It is possible to extend a quantum field theory to a curved spacetime. But does this lead to predictions that can be tested and measured? Had it been confirmed?
The underlying reason I am asking this is: curved spacetime means emergence of gravity and therefore General Relativity regime. And we know that GR and QFT are incompatible. I realise that in order to include gravity, one should put its Lagrangian in from the very beginning and this, I guess, does not work. But does the current mathematical framework for extending the known field theories to a curved spacetime work?
Answer
The biggest prediction of QFT on curved (not dynamical!) space-time is the Hawking radiation . This radiation can in principle be measured experimentally, even though it's an effect so small that with current technology there's probably no hope of a measurement. It's still possible that with some clever way of maximizing the experimental signal we could achieve such goal (for instance with something like the measurement of the proton life time, in which there's no hope to follow a single proton for $10^{33} yr$, but it's "easy" to do that with $10^{33}$ protons.)
Moreover, in the solar system gravity is weak, the space is only slightly curved. Therefore, while QFT on flat space-time can be routinely tested in a laboratory on earth, for a significant curved space-time effect you have to usually look at astrophysical or cosmological experiments, with all the related uncertainties.

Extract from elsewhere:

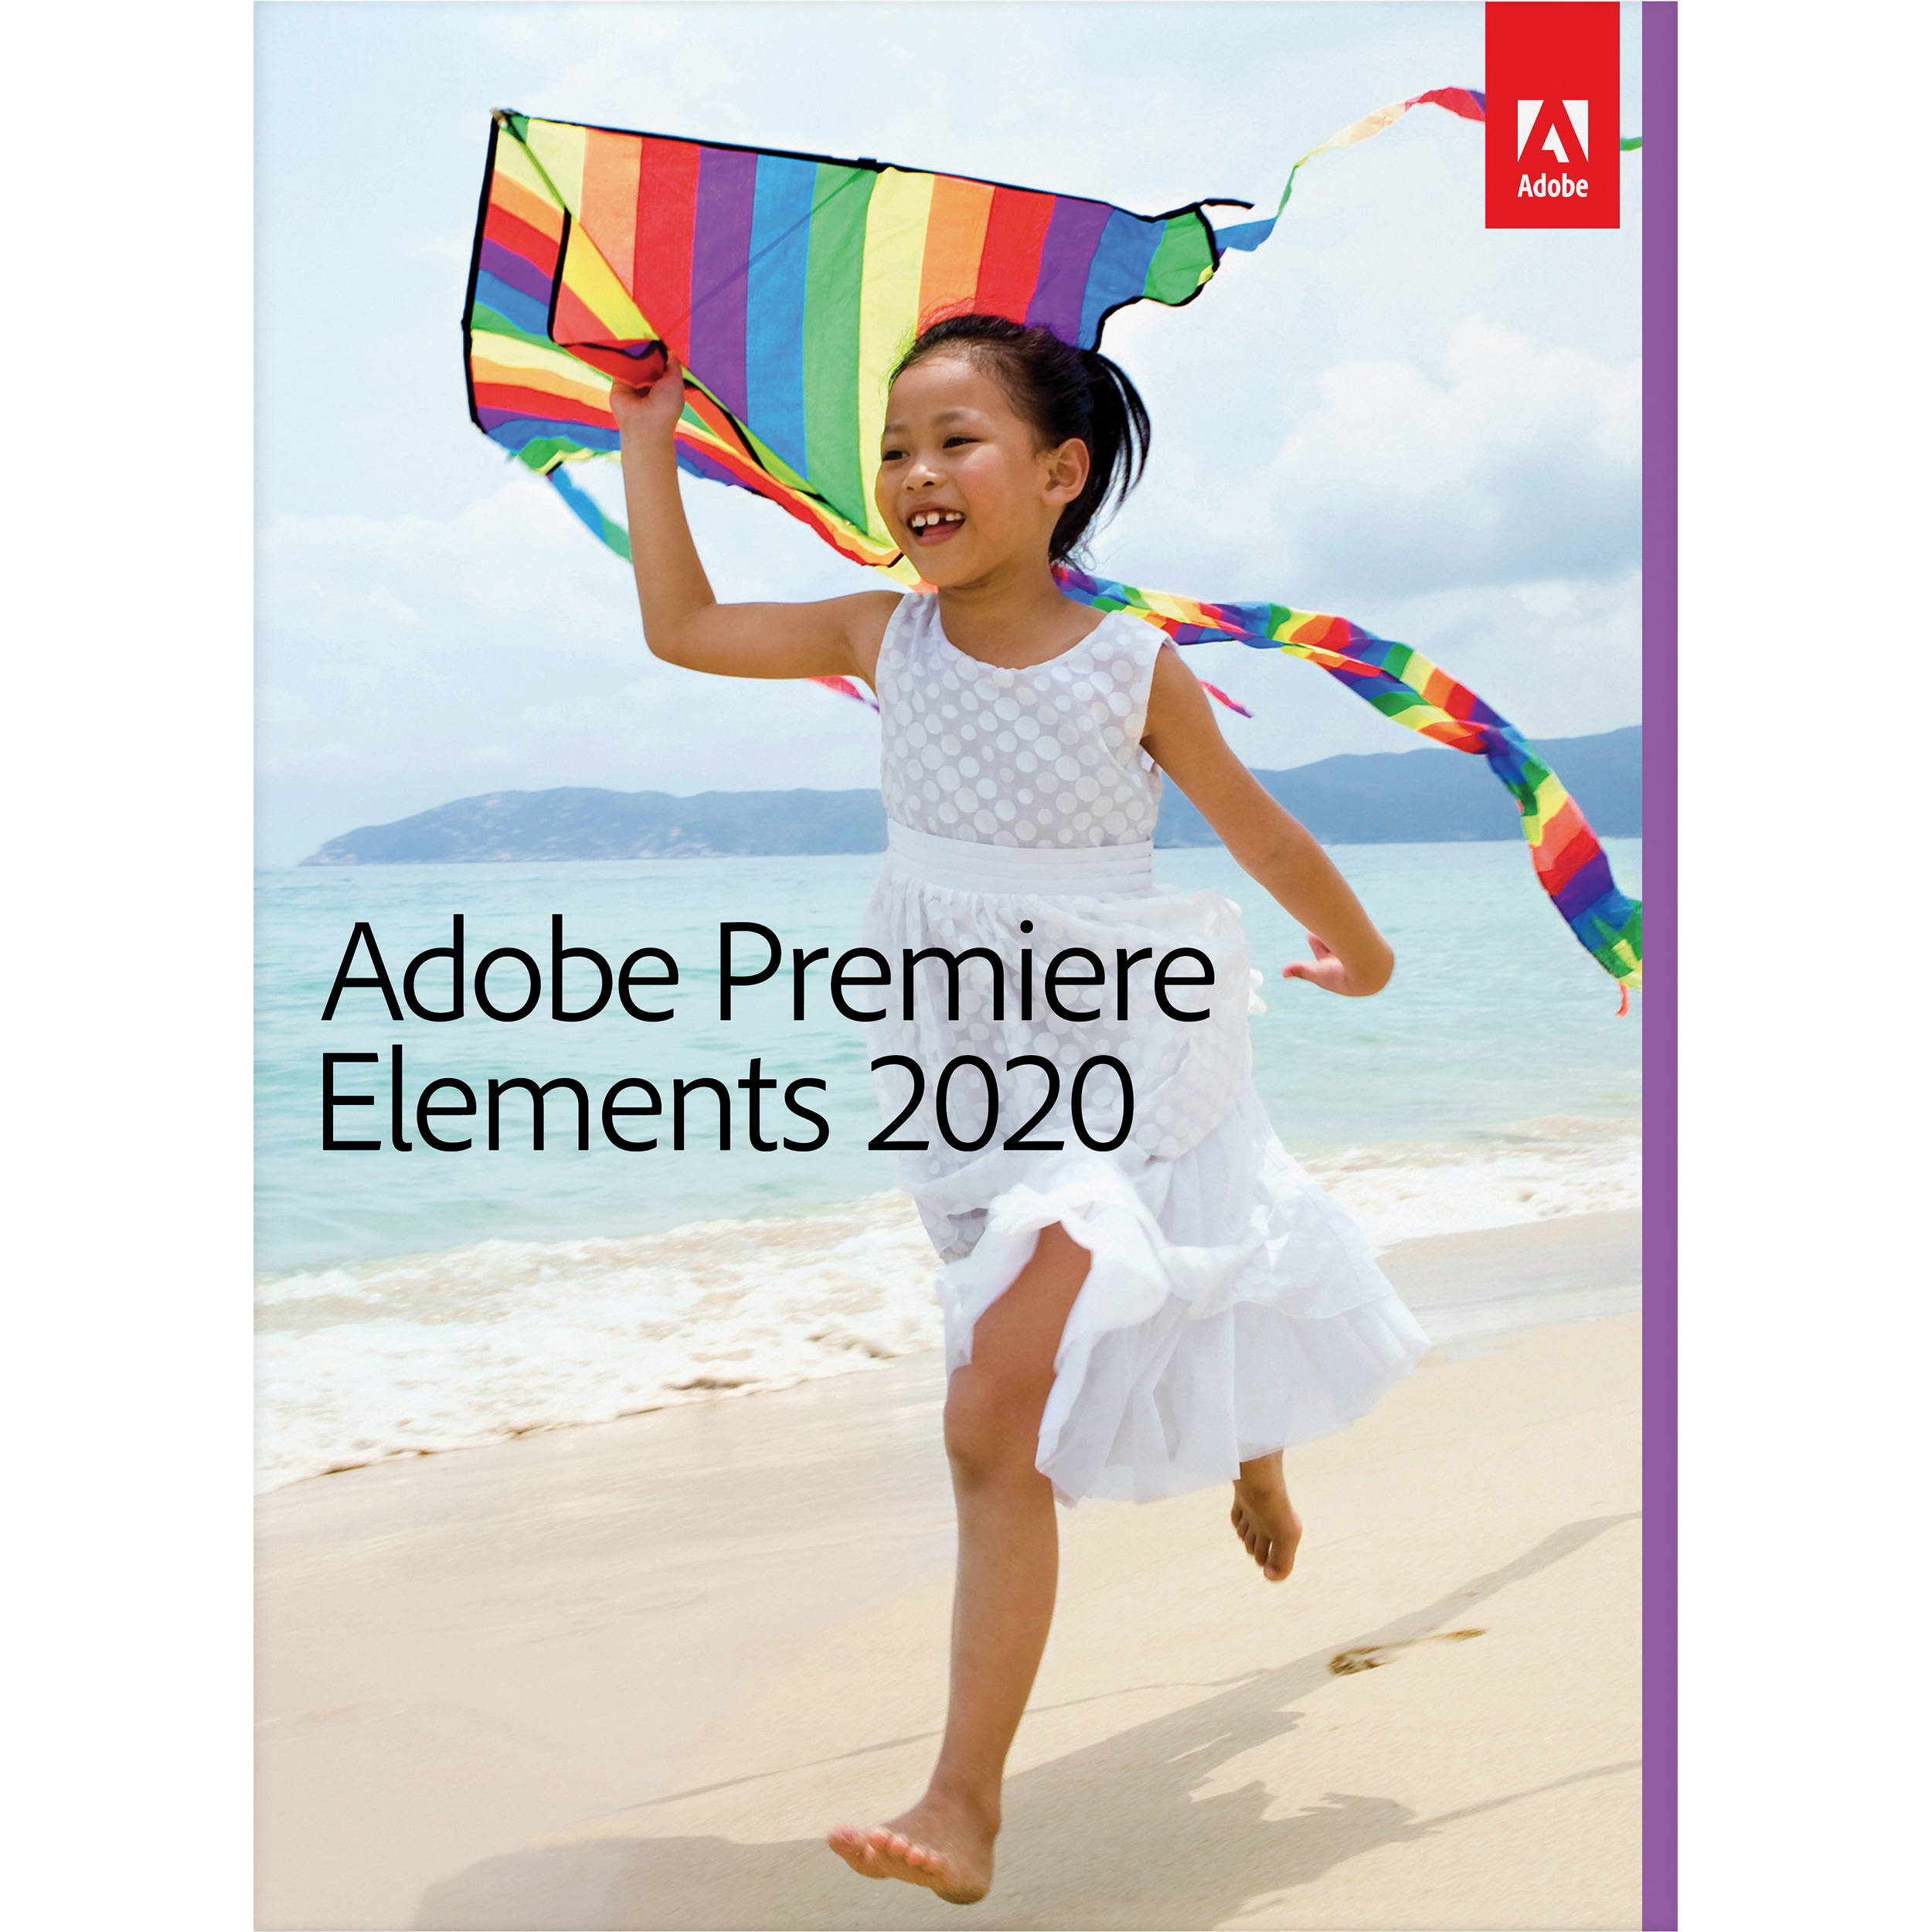 Adobe Premiere Elements 2020 Licenta Perpetua Electronica 1 utilizator

The math: Is known that a theory with interacting gravitons (spin 2 massless particles) is not renormalizable. QFT with gravitons as an effective field theory could work, in the sense that you can make predictions like in the Fermi's theory of weak interactions. For instance see the beautiful treatment of Schwartz (Quantum Field Theory and The Standard Model, p.404) in which he finds the quantum gravity predictions to the Mercury's perihelion shift.